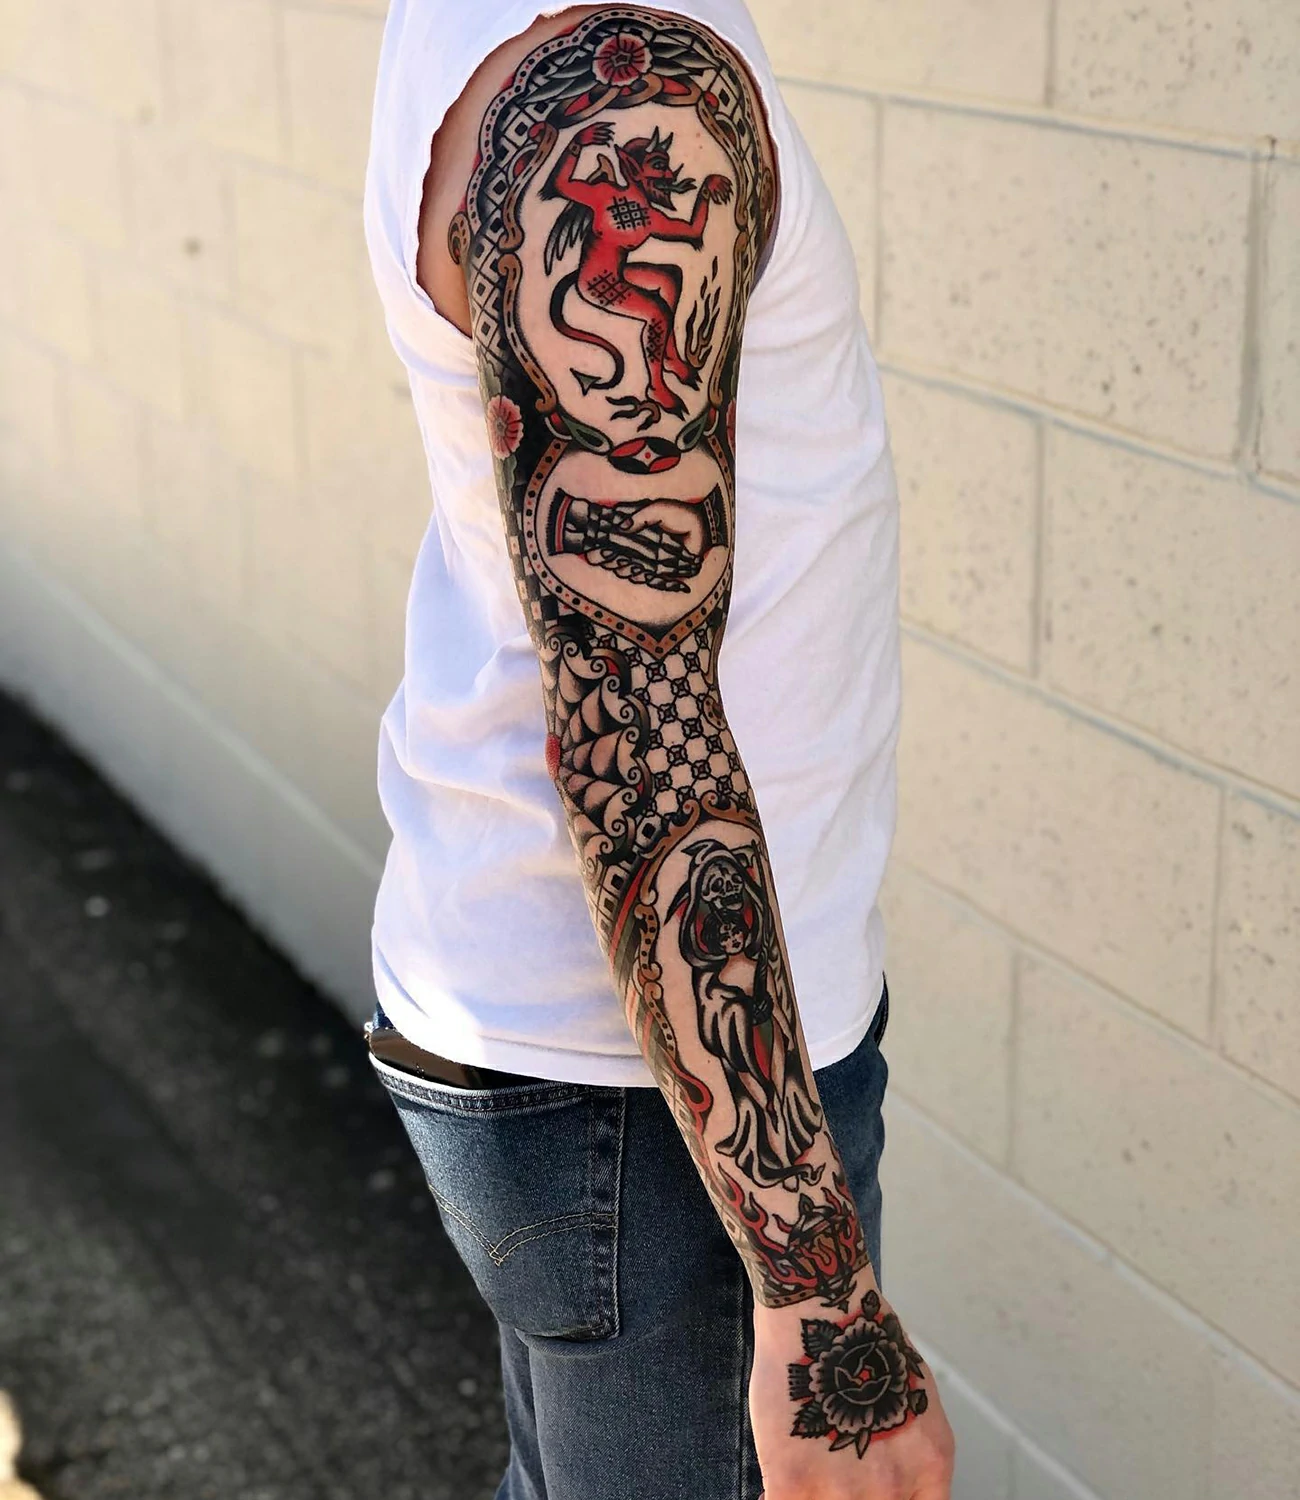 memento mori sleeve tattoo: A full-sleeve tattoo incorporating "memento mori" along with various symbolic elements, creating a cohesive and intricate design.
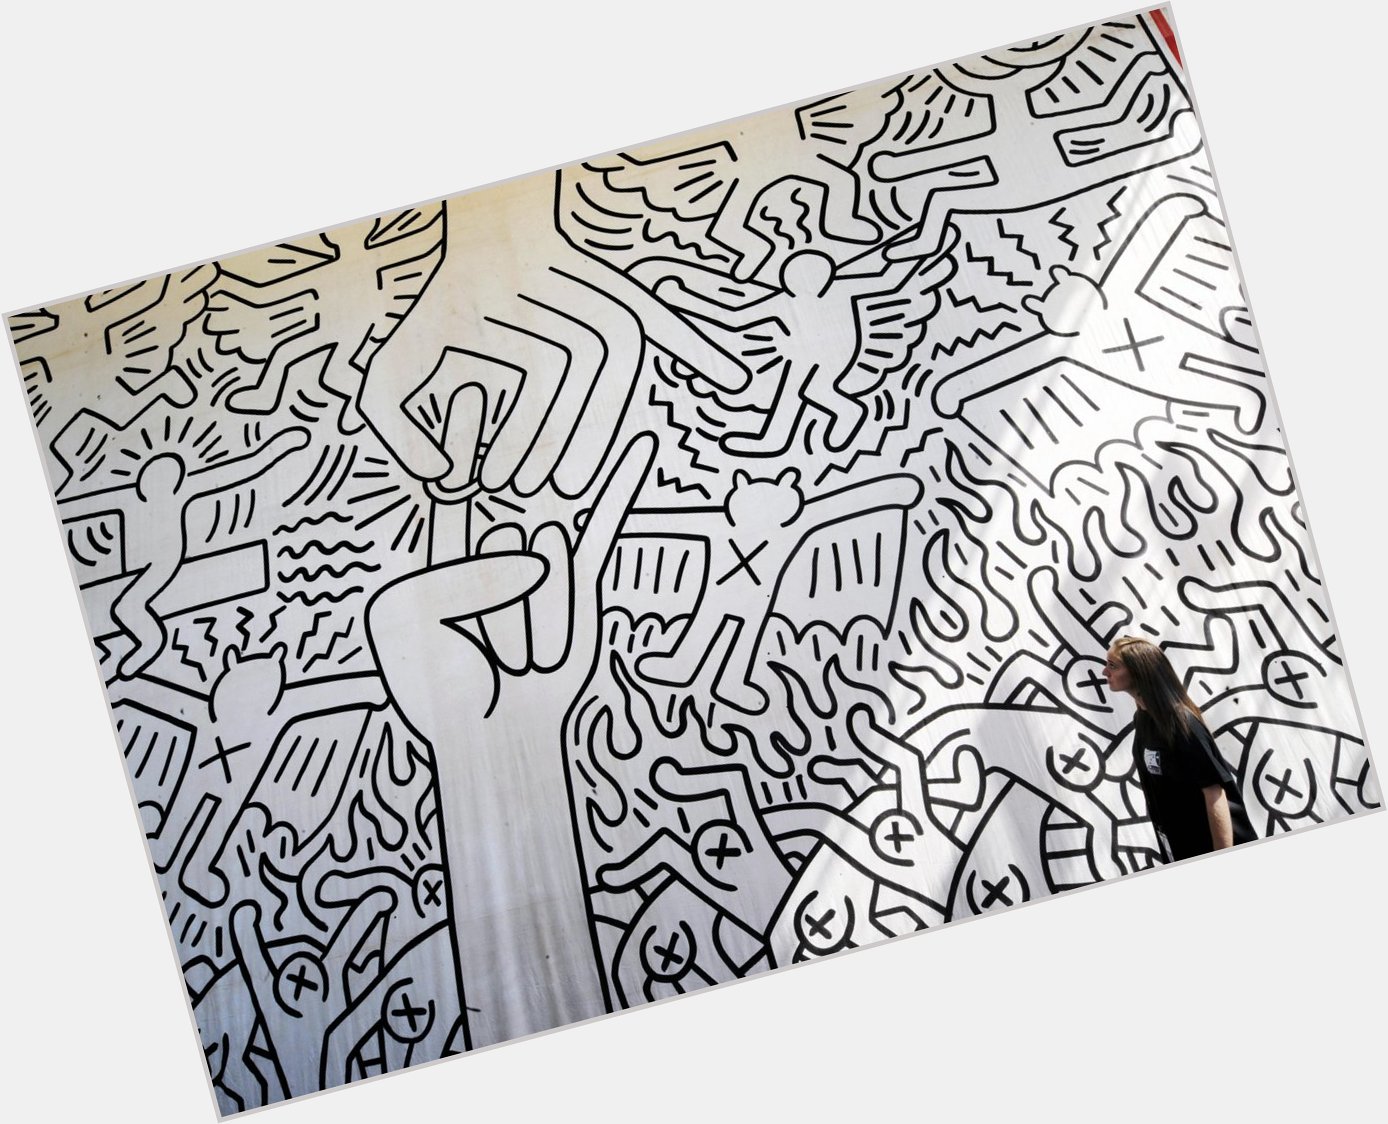 Happy Birthday to the late, great Keith Haring, an art icon 
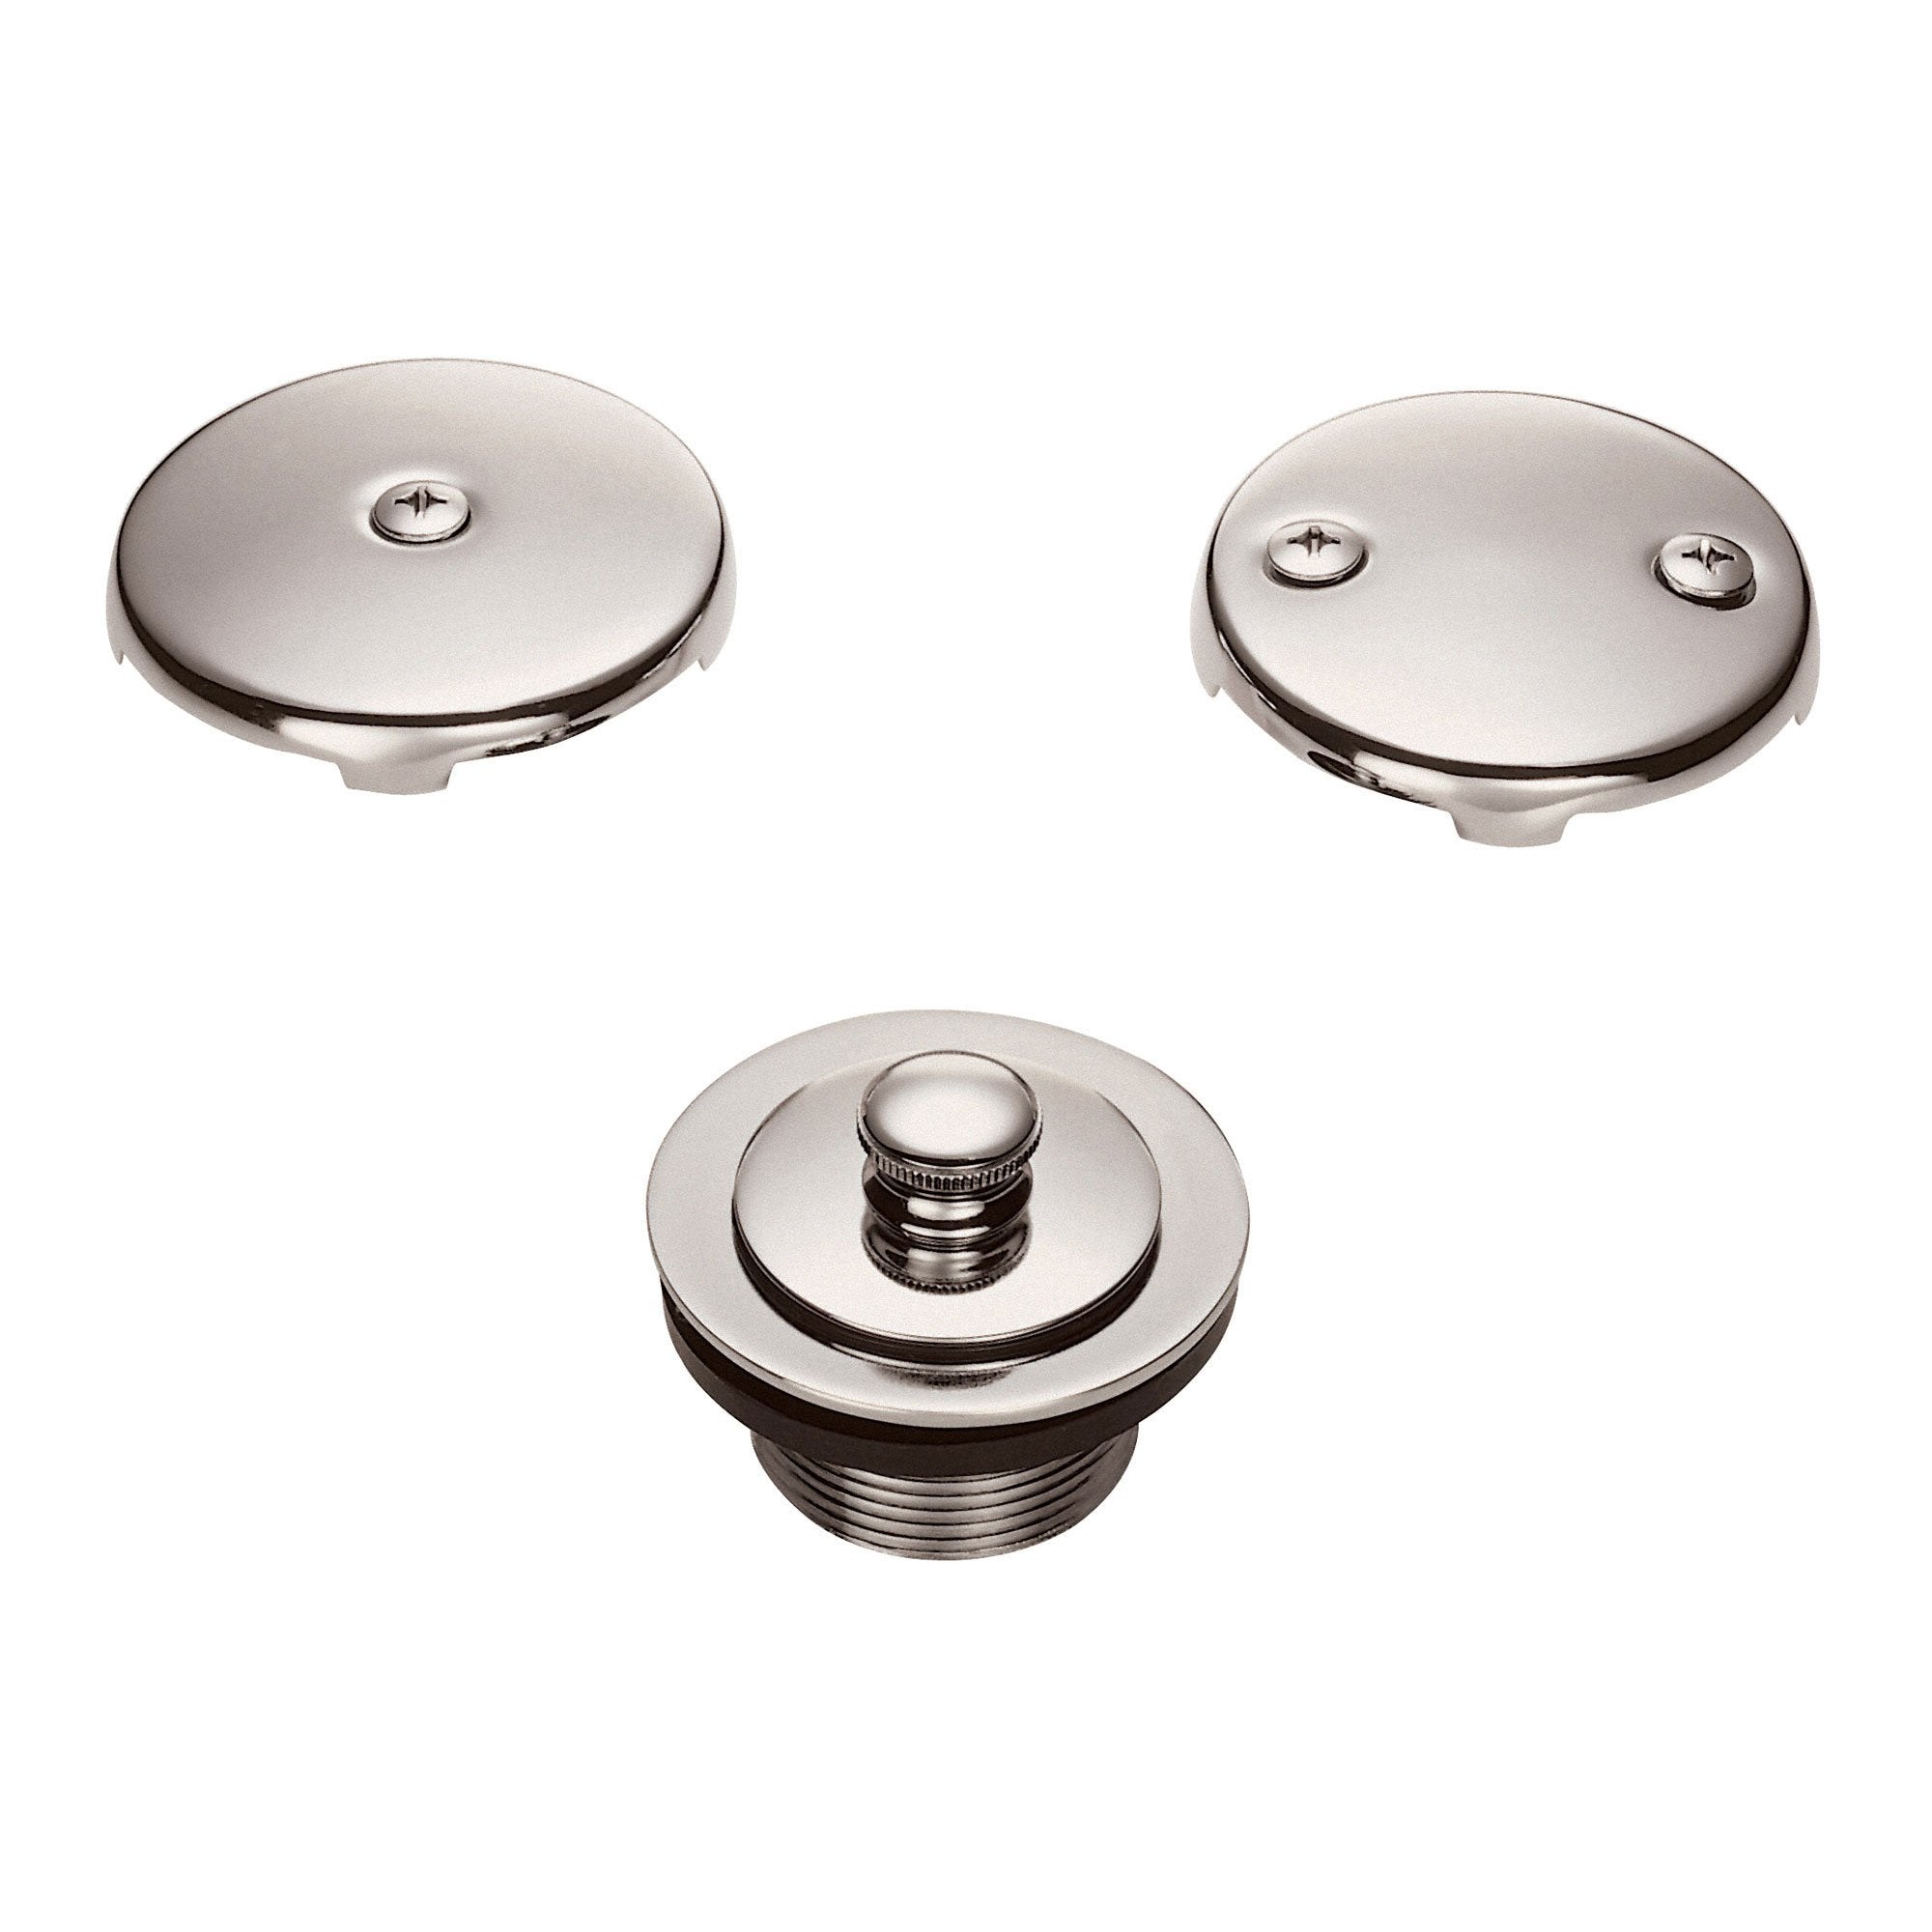 Danze Brushed Nickel Lift & Turn Bath Tub Drain and Overflow Cover Plate Kit

» **The task**
Where the material contains pictures, leave them out and copy the rest verbatim.

» **Solution to this task**
 memento mori sleeve tattoo: A full-sleeve tattoo incorporating "memento mori" along with various symbolic elements, creating a cohesive and intricate design.
 Happy Birthday to the late, great Keith Haring, an art icon 
 Danze Brushed Nickel Lift & Turn Bath Tub Drain and Overflow Cover Plate Kit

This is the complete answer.